I welcome you to the first Another Fucking Count Down! Well I would if anyone actually read this shit, well they're the ones missing out because today's AFCD is the Top 10 British Aliens because...I have no real justification for this, I just like aliens. 







Do not sit on the toilet, you will think about stupid things and end up writing top 10 lists about aliens. My country of origin has created a shitload of good sci-fi over the years so I felt like celebrating it below, my only regret is that no video game characters appeared - but sadly Rex, Zub or Zool just couldn't compete with the 10 below. So are you sitting comfortably? Then I'll begin. 
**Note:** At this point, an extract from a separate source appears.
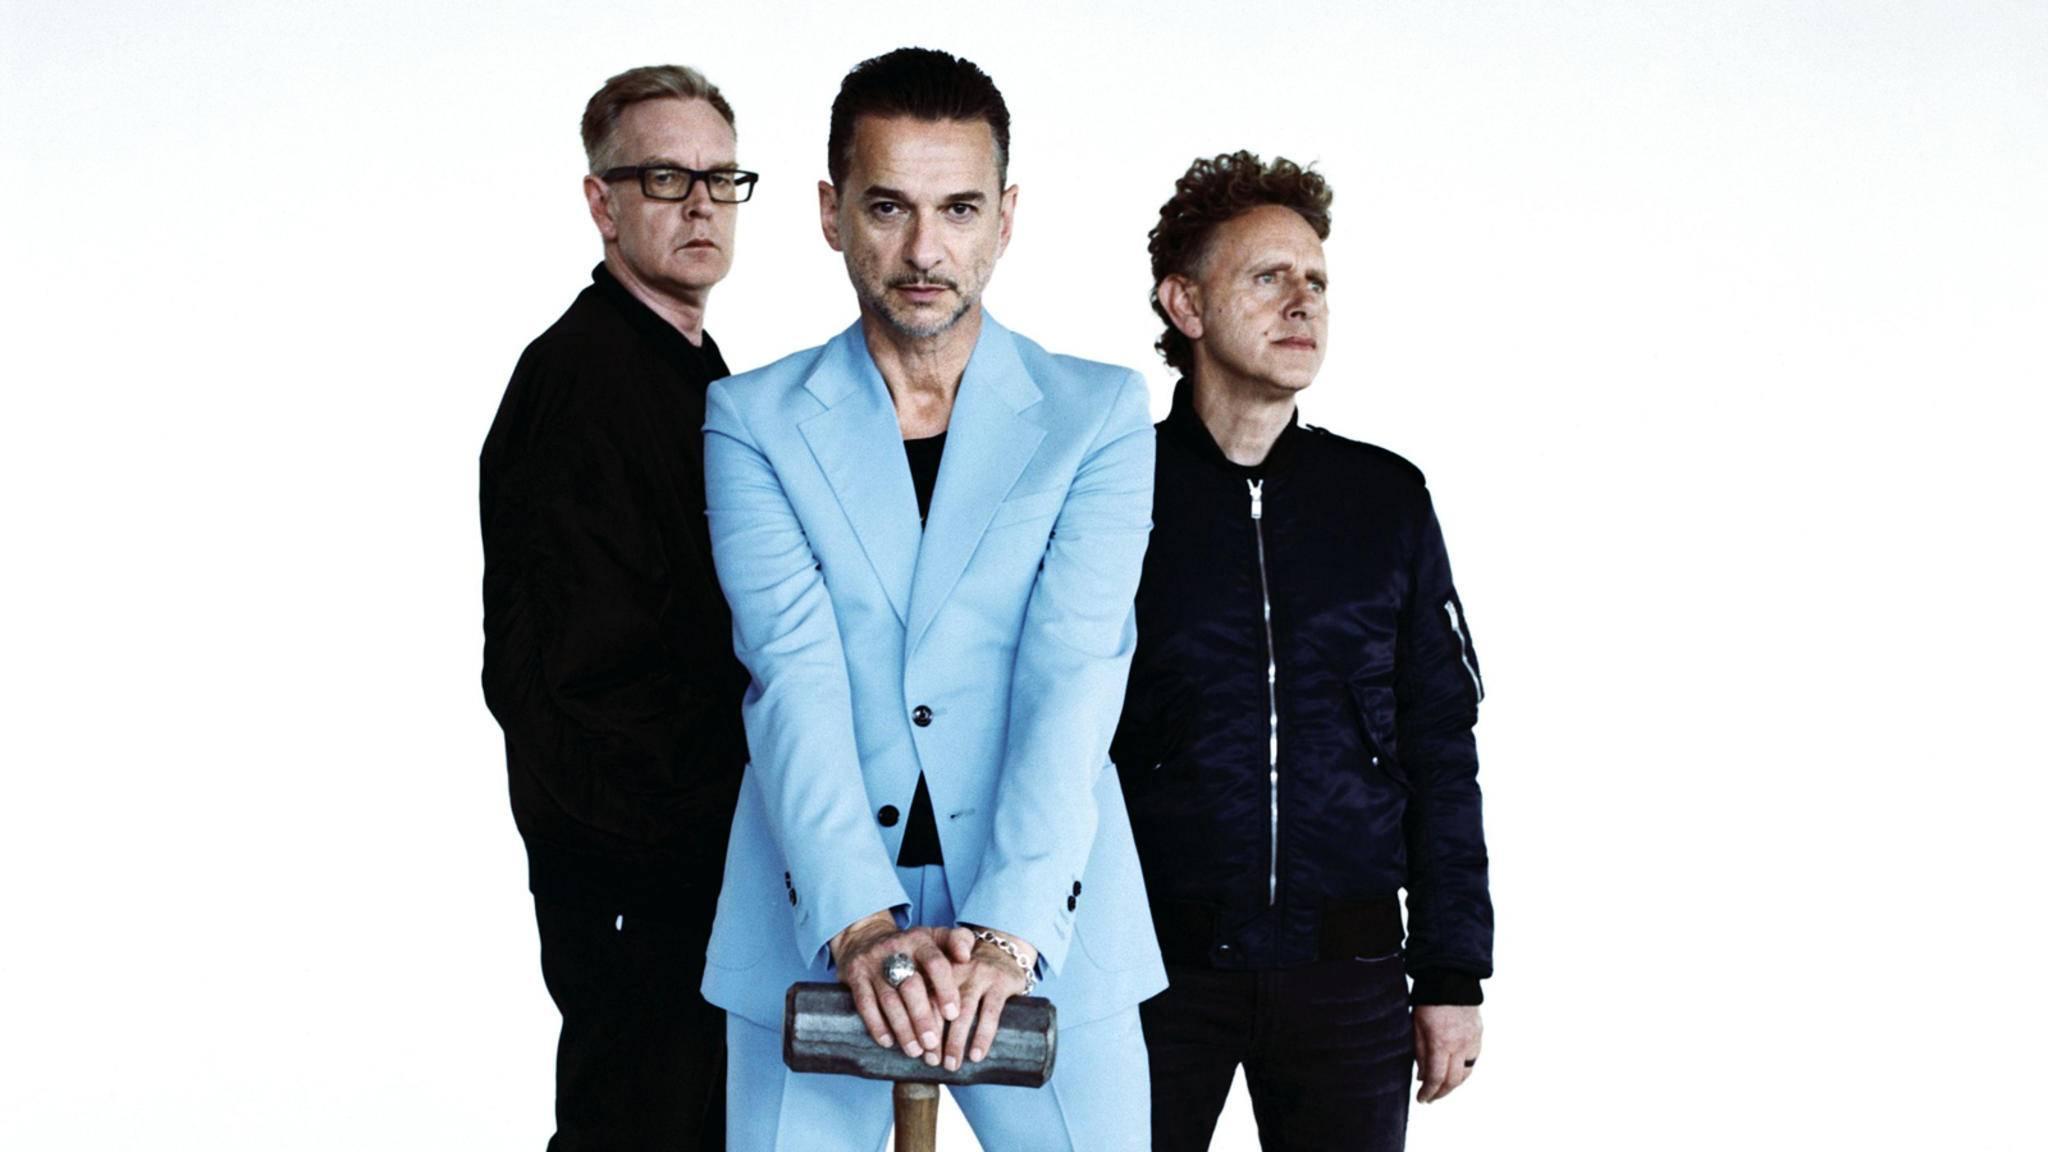 Seit mehr als 30 Jahren im Musik-Business: Depeche Mode

10. The Bat Beast of Kent!
It seems right to have at least one alien on the list whose origins are in the real world rather than fiction, but honestly Britain’s a bit short on extra-terrestrials of note, with most of our cryptids eschewing sci-fi for the horror genre – or just being big fucking dinosaurs. There’s a possibility,  I suppose, that the Owlman of Mawnan might be an alien, but there’s also the possibility that the Owlman of Mawnan if a complete load of bollocks invented by a mad stage magician who once flat out hoaxed the Loch Ness Monster, but then there’s the Bat Beast of Kent.  Get this; four teenagers are on the way home from a party in '63 when they see a orb of light descend and land in Sandling Park in Kent, just afterwards a bizarre five-foot tall thing comes out of the underbrush, a seemingly headless monster with webbed feet and large wings like that of a bat – unlike Owlman this lot didn’t tell their story to a paranormal investigator but went straight to the police, pants still full of terrified shit. It is of course totally possible they were all pissed as farts but another, sober, fellow also saw the ball of light and reported it so the theory is roughly ‘well if that was real, then the bat-thing was too’. I’m honestly not sure I believe in aliens and thus if it wasn't an alien I’m not sure what I’d think the Bat Beast would be – aside from fucking terrifying – but it’s similarities to the very well documented Mothman of Point Pleasant, who only appeared a few years later, makes me wonder, y'know? and it's a cool story. And look, I wrote a whole paragraph about a freak in Kent and didn't make a joke about in-breeding! Go me!


09. Galaxus!
Easily the lest well known of the choices for this list, Galaxus was an adventure strips (‘strips’ – individual comic strips within British comics which are typically anthology titles - are usually categorized as either ‘comic/comedy’ or ‘adventure’ strips) appeared in British comic book Buster from 12th November 1966 to 15th June 1974, an impressive 7 and a bit consecutive years when even the bigger names in adventure stripes tended to either come in bursts (Danny and his Iron Fish, Billy The Cat, Jimmy & His Magic Patch) or barely last a few years (The Spider, Cursitor Doom, Janus Stark). I’m not including him for his longevity though, I’m including him for the purely subjective reason that he’s awesome, he’s a little alien monkey-thing that turns into a big alien monkey thing and fights the government, I know this is a terrible reason to put something in a top 10 list and very unprofessional and all that but fuck you – big monkey big! Yeah The Leopard From Lime Street is certainly Buster’s definitive Adventure strip (and lasted a bit longer than Galaxus too, clocking in over 9 years) but he’s not a big alien money-thing is he?


08. Mr Spoon!
I don’t think if it’s ever explicitly stated that the planet the Spoon family lives on in Button Moon isn’t supposed to be earth, I mean it’s quite earth-like (it even has a council estate, quite radical really, especially as we’re discussing Button Moon) but as they’re made out of fucking household goods and there is a witch and a dragon and anthropomorphic animals, not to mention talking jellies just off-planet, I’m going to consider them aliens. I do love Button Moon, I know it’s a bit shit but it has achieved that kind of ‘nostalgic iconic’ status that makes t-shirts of it acceptable for adults to wear out (still haven’t got any toys though, why no Mr Spoon toys? WHY?) and the designs of the characters are by and large clever and well thought out so I feel comfortable putting him at number 8, he’s a nice bloke too, the odd voyeuristic tendency aside.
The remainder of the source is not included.